Extracted records>
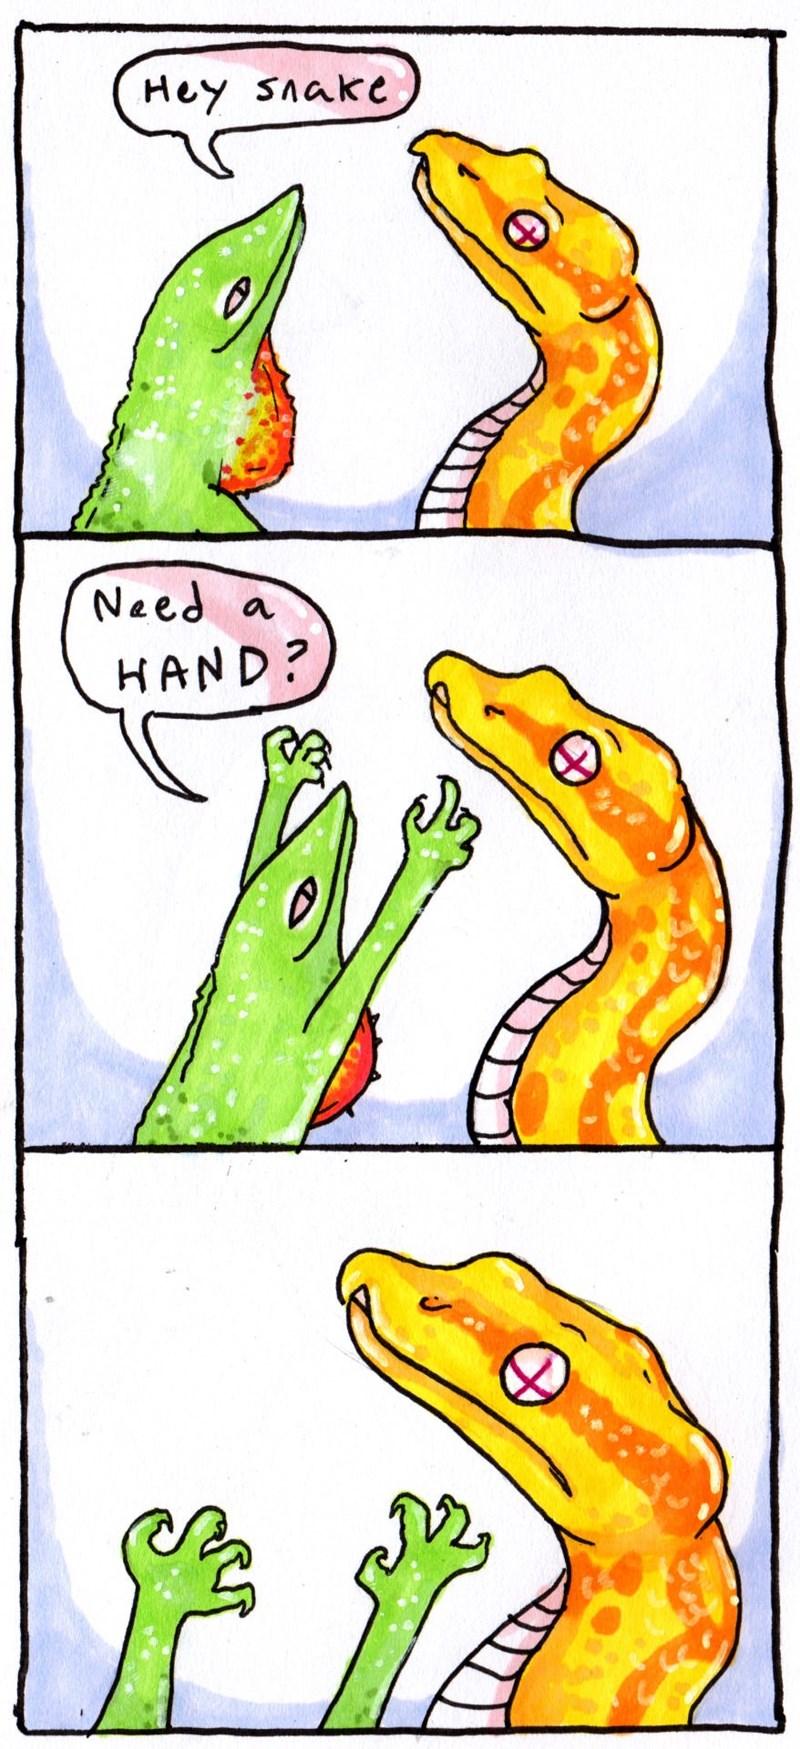 Clip art - Hey SAake Need a HAND?
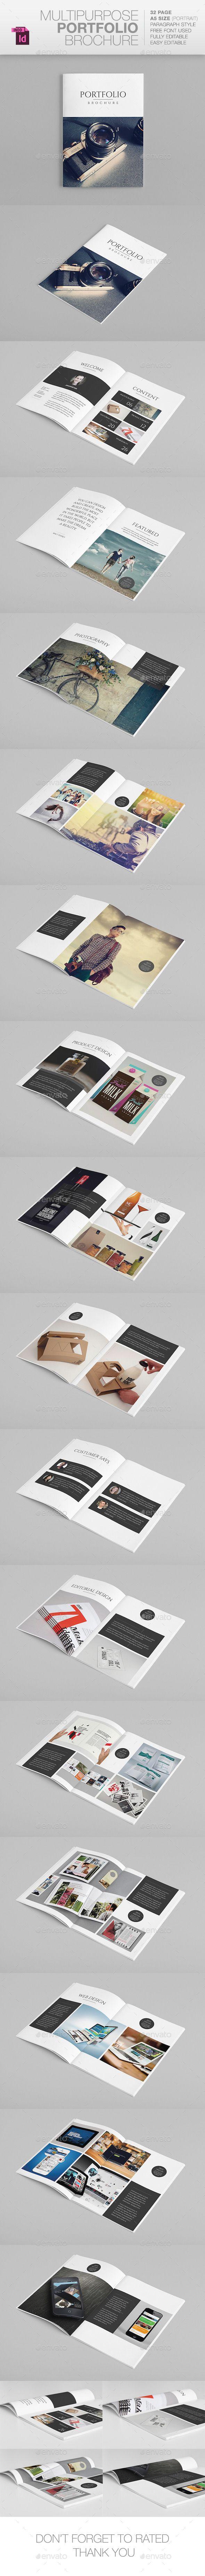 Multipurpose A5 Portfolio | Indesign templates, A5 and Template
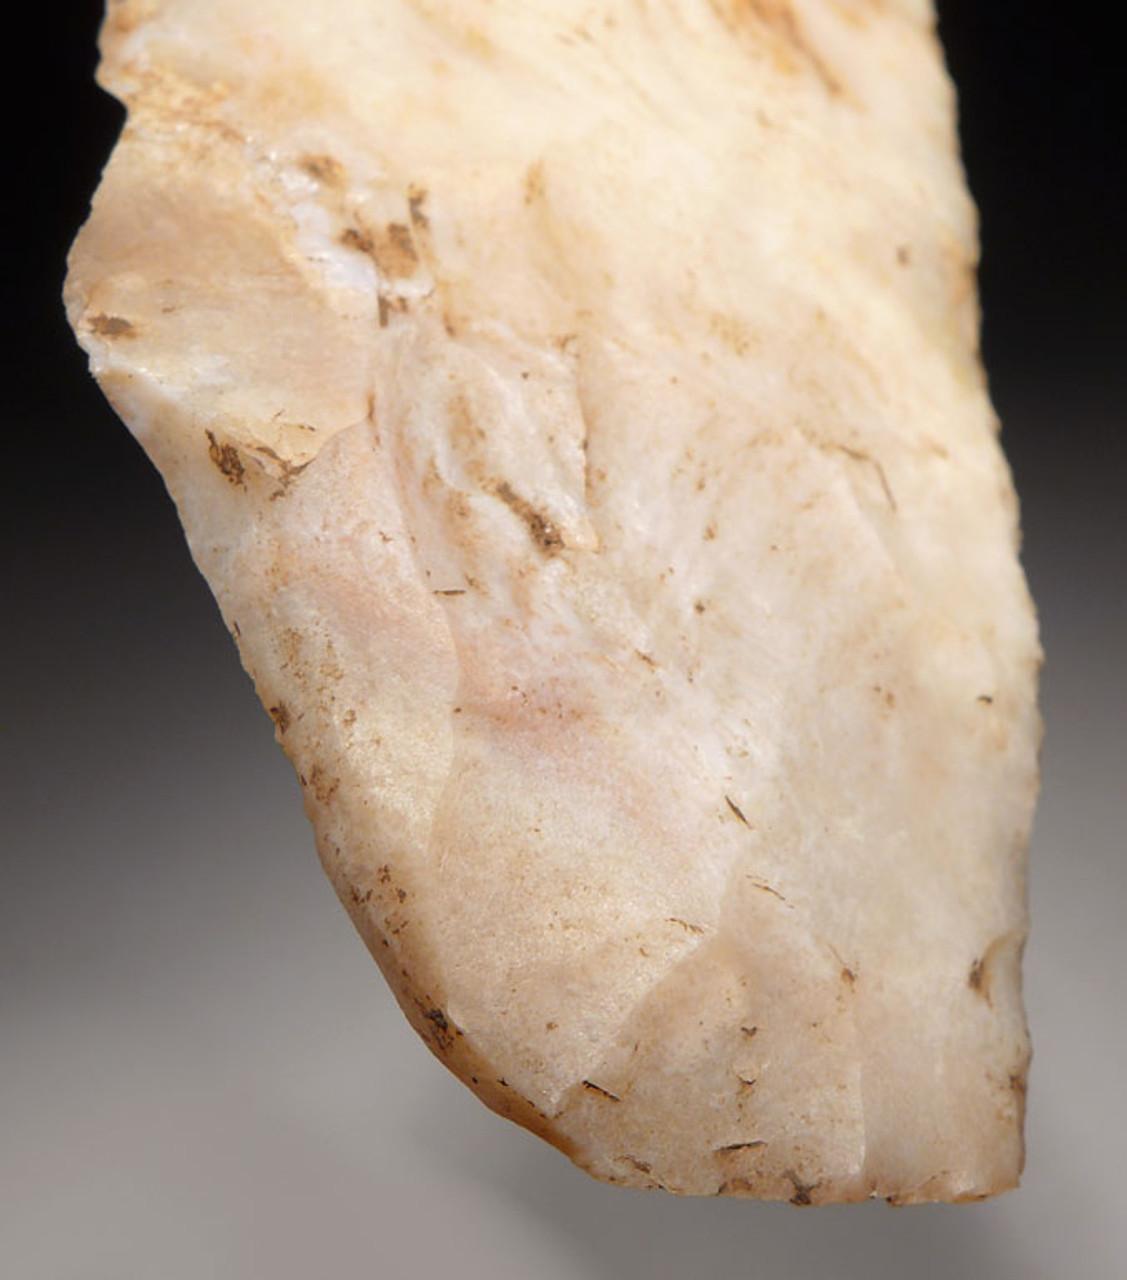 PC253 - MUSEUM-CLASS UNBROKEN AZTEC PRE-COLUMBIAN SACRIFICAL BIFACIAL DAGGER IN RARE WHITE FLINT
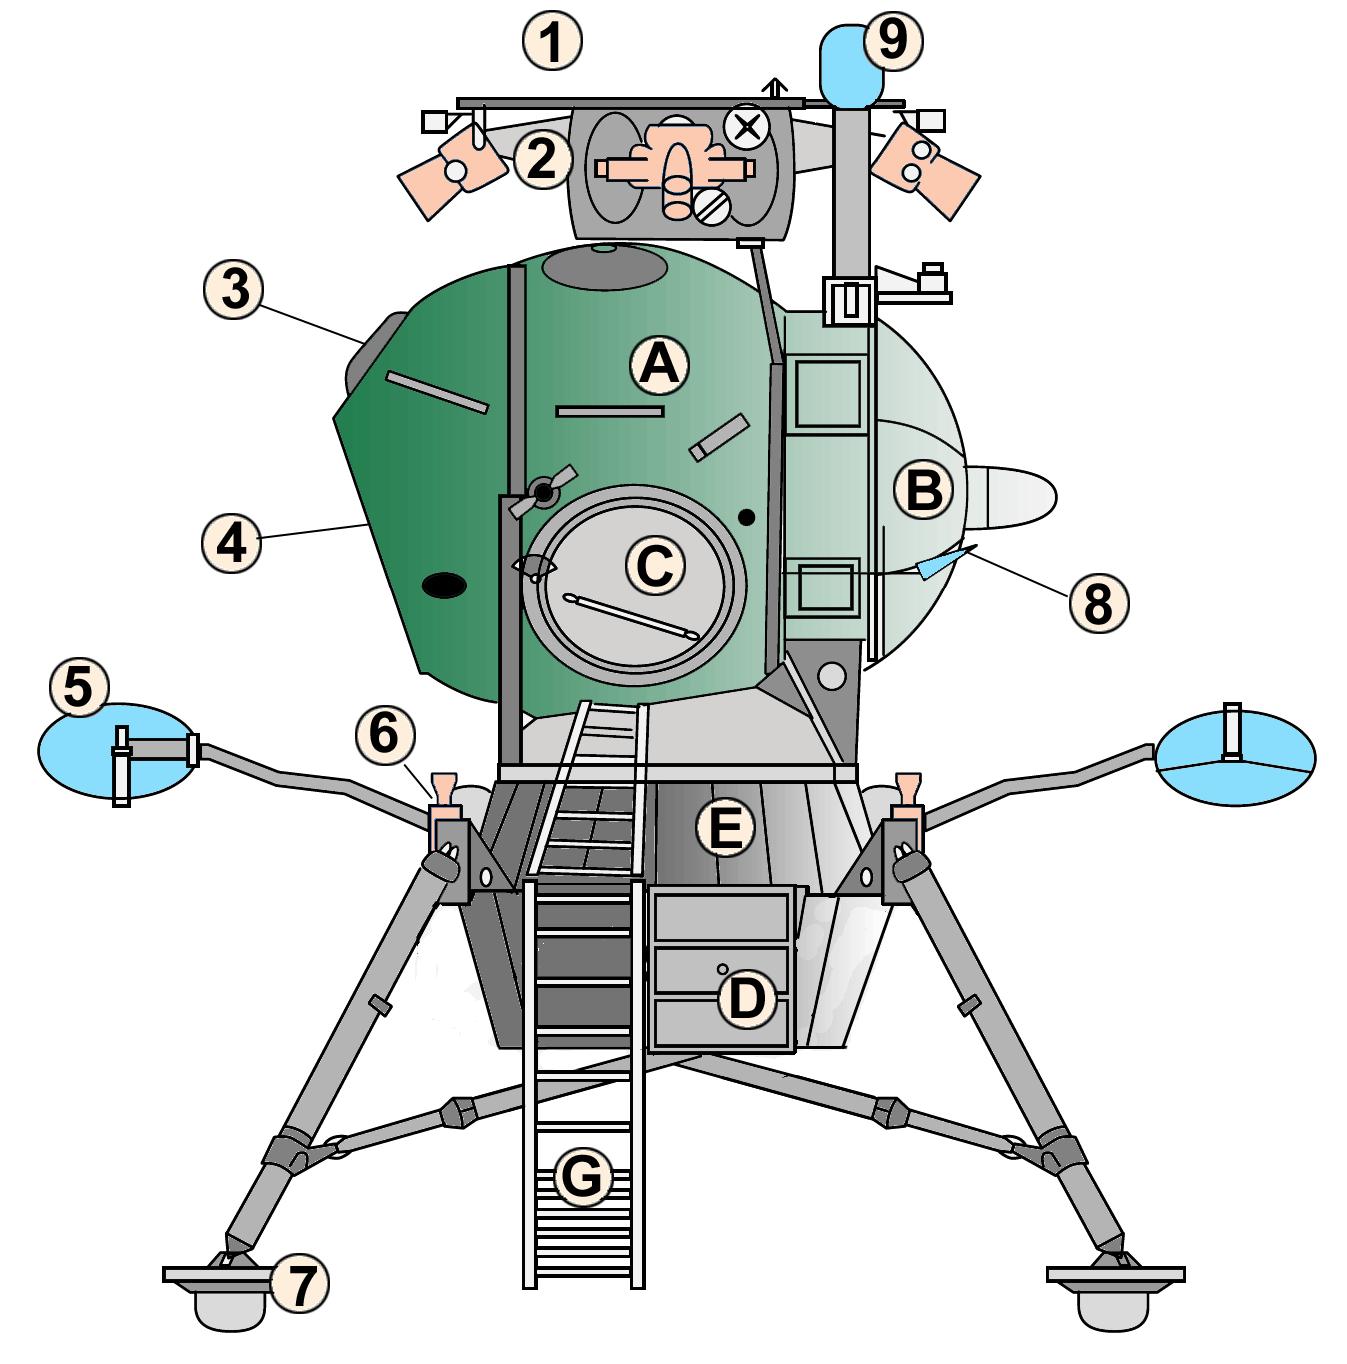 luna spacecraft drawings - photo #49
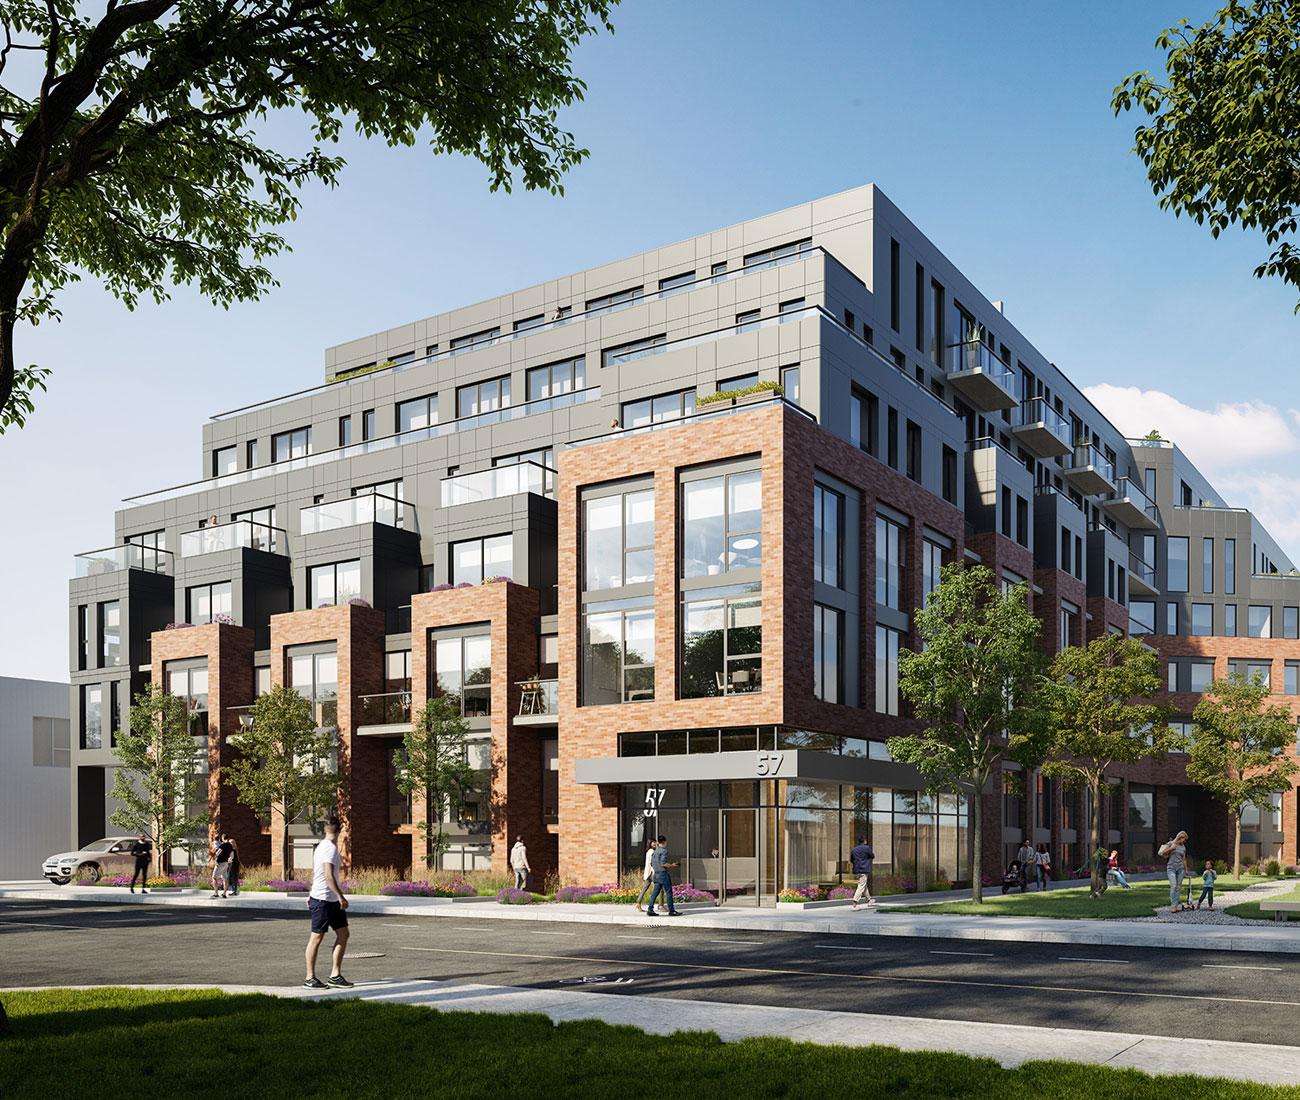 Apts Magazine: The Missing Mid-Rise Buildings Toronto Needs

Activity> Apart from the images, retype the full material exactly as written.

Finished exercise>
 Clip art - Hey SAake Need a HAND?
 Multipurpose A5 Portfolio | Indesign templates, A5 and Template
 PC253 - MUSEUM-CLASS UNBROKEN AZTEC PRE-COLUMBIAN SACRIFICAL BIFACIAL DAGGER IN RARE WHITE FLINT
 luna spacecraft drawings - photo #49
 Apts Magazine: The Missing Mid-Rise Buildings Toronto Needs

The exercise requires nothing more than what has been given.